What interests me on the topic is how the emergence of the 3 V’s (Volume, Velocity and Variety) took hold as the accepted norm.  This was a great discussion back in 2001 by industry analyst Doug Laney (@Doug_Laney) that started to really define and categorise the challenge of Big Data. Following this many extensions to the 3 V’s started to take hold adding dimensions such as Variability, Veracity and Complexity.  There are many definitions out there of the V’s of Big Data all of which give a similar perspective, I take the following very basic excerpts from our old friend Wikipedia (http://bit.ly/1vGCYNw😞


Volume – The quantity of data that is generated … it is the size of the data which determines the value and potential of the data…


Variety – … the category to which Big Data belongs ..


Velocity – … the speed of generation of data …


Variability – … this refers to the inconsistency which can be shown by the data at times ...


Veracity – the quality of the data being captured ...


Complexity – Data management can become a very complex process, especially when large volumes of data come from multiple sources.
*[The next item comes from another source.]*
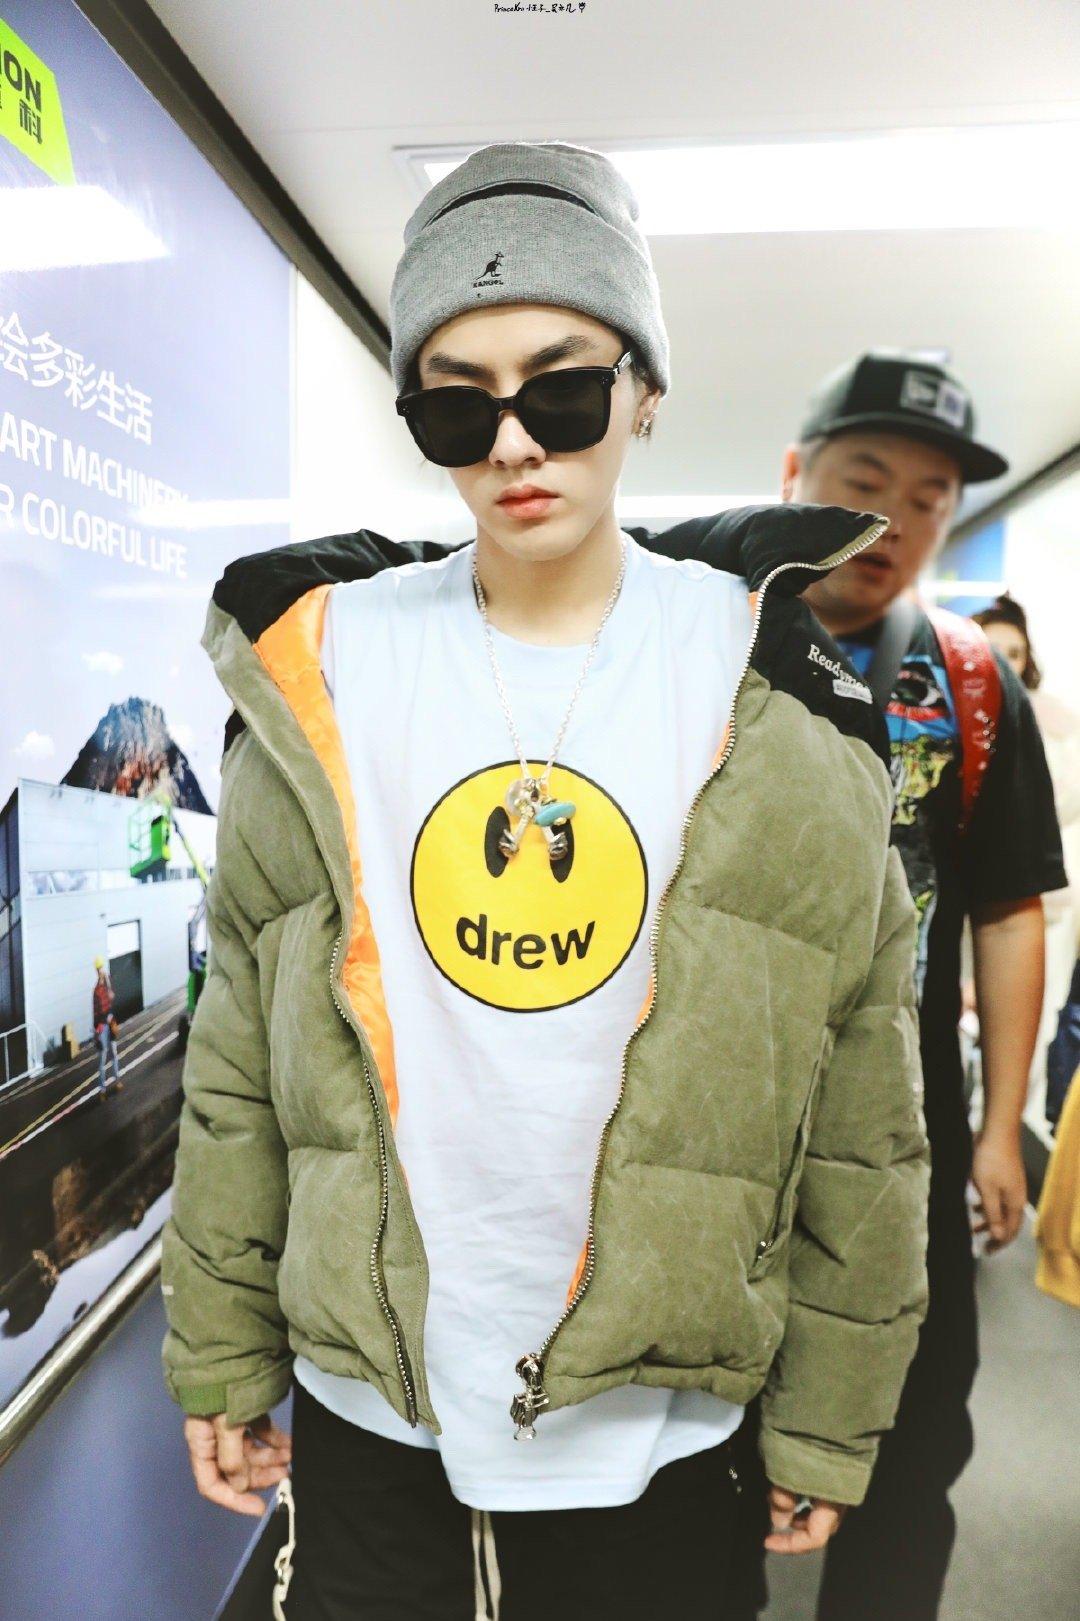 吴亦凡长沙飞北京,针织帽加厚实的外套凡凡穿的好保暖,起落平安呀

These data need to be linked, connected and correlated ...

When I look at these definitions I can’t help but feel we are missing something, that’s the Vastness of the data.  Volume only ever seems to focus on the number of records and the exponential growth of data – some evangelists talk of Moore’s Law for Big Data.

Roughly speaking Moore's law says that every two years, computer capacity doubles, capacity being speed, memory etc. http://bit.ly/18b44oa

Variety tends to be used to explain different types of data source, structured, unstructured and social as the normal examples and Variability to the changing nature of the data but where does the consideration for the increasing associated data to a record come into play?  This is what I mean when I talk

about Vastness.  This shouldn't come as a surprise to many of us who have been dealing with Vastness for many years to make sense of complex problems - but it seems to have got lost in the noise as we focus on the more popular people at the party, namely Volume and Variety.

Let’s take a simple example relating to a customers’ propensity to purchase and individual targeted marketing.  We have all been on the end of these techniques where companies attempt to interpret our buying behaviours to send us specific offers that are tailored to our likes and dislikes.  Thank goodness I say as I was really getting tired of being offered 10c off coffee when, being a traditional English chap, I only ever drink tea.  It makes sense that we apply some heuristics to the offers we make otherwise we devalue our brand and alienate our customer.  I get it!

To support these targeted offers our systems of record capture more and more information - it isn’t enough to capture basic information about a customer in our CRM system any more, we now want to bring into play whether they have a cat and whether they use their credit card to purchase take away food.  This brings into play the question of Vastness – it isn’t about the volume in a traditional ‘row-based’ manner but in a ‘column-based’ manner.  To perform really detailed accurate analysis of this we need to take into account the breadth of the data and the number of columns – thousands, tens of thousands or even hundreds of thousands of columns that identify the customer.

So, when we are thinking about Big Data let’s not forget to understand the Vastness of the data too and consider how we handle the complexity that this brings to be able to extract real value.  As the market continues to focus on the popular aspects of Big Data let's not lose sight that being able to handle the Vastness could be the real differentiator to our business in this competitive world.